= Missing (opera) =

2017 chamber opera

Missing is a 2017 chamber opera with a libretto by Marie Clements and music by Brian Current. Co-commissioned by Pacific Opera Victoria and City Opera Vancouver, its topic is missing and murdered Indigenous women.

==Development==
The libretto for the work was developed by Marie Clements prior to the selection of the composer. Four different composers were asked to set a portion of this libretto, and their settings were anonymized and sung before a jury to select the work's ultimate composer (Brian Current).

The compositional style is spare, reminiscent of a "chamber music suite". It "eschews familiar operatic conventions such as showy arias, huge choruses and a linear plot". The opera is in English and Gitxsan, an indigenous language spoken in the traditional territory along much of the Highway of Tears.

==Performance history==
The opera's unofficial premiere in November 2017 was before the "community of the missing" in the Downtown Eastside of Vancouver, one of the opera's two settings. This was followed by a five-night run in each of Vancouver and Victoria later in the month. The show was directed by renowned Canadian director Peter Hinton-Davis.

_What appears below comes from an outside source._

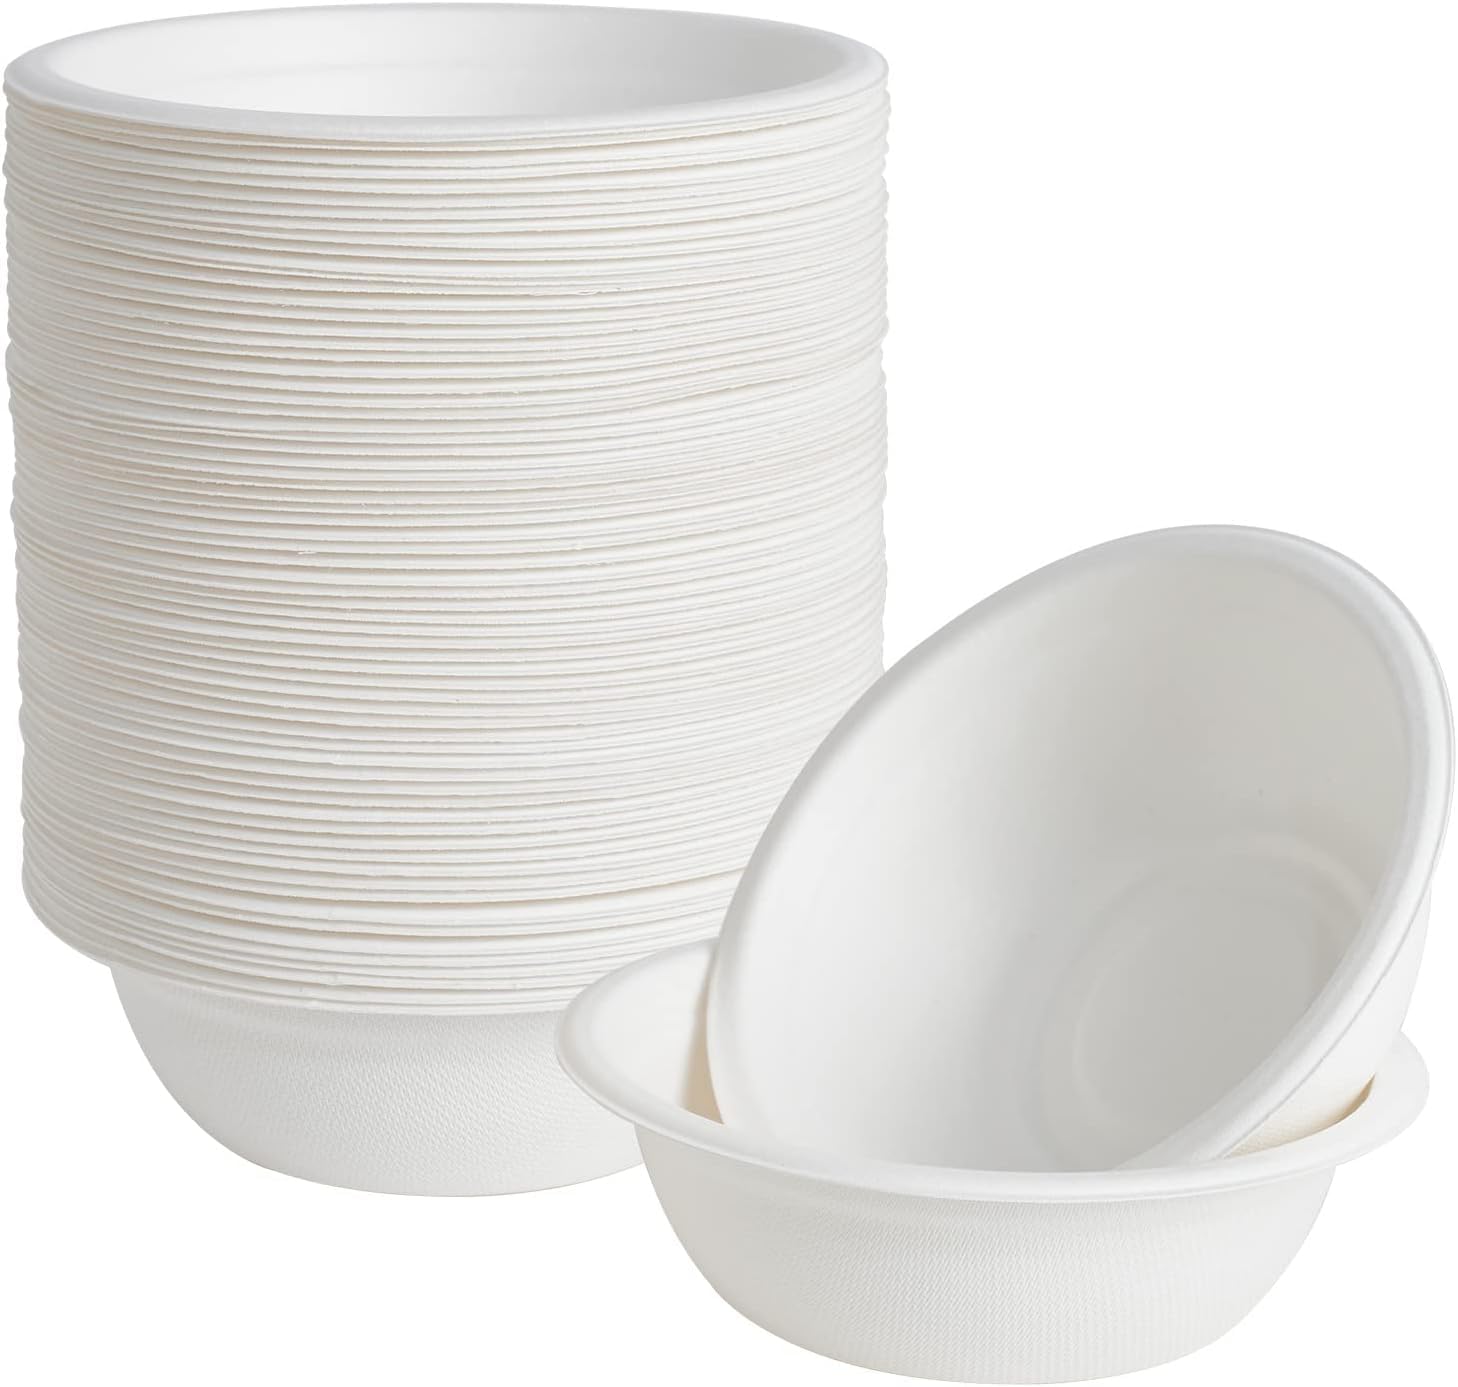 500 Pack 12 oz Paper Bowls, Disposable Compostable Bowls Heavy-Duty, Biodegradable Soup Bowls Made of Natural Bagasse, Eco-Friendly Sugarcane Bowls for Salad, Dessert, Milk, Cereals

In 2019 Pacific Opera Victoria remounted Missing, in partnership with the Victoria Native Friendship Centre, Prince George Native Friendship Centre, Regina Treaty/Status Indian Services, Regina Symphony Orchestra, and Prince George Symphony Orchestra. The performances took place in Victoria, Regina, and Prince George.

The United States première of Missing was presented by Anchorage Opera in March 2023.

==Synopsis==
The opera presents a dual narrative. The primary narrative focuses on Ava, a young white woman who is thrown into a tree during a car crash and sees the body of an indigenous woman known as "Native Girl". This experience makes such an impression on Ava that she adopts many elements of Gitxsan culture, and later sees the murder of Native Girl in her dreams. The secondary narrative focuses on the grief of Native Girl's brother and mother.

==Reception==
A review in Vancouver Magazine states that Missing "lays the foundation for a bridge between two cultural solitudes that must work together... to give birth to a new Canada". According to Opera Canada, "As an opera, Missing is under-written. As an important piece of theatre that builds over its short 80 minutes to a shatteringly emotional conclusion... [it] is something every Canadian should see".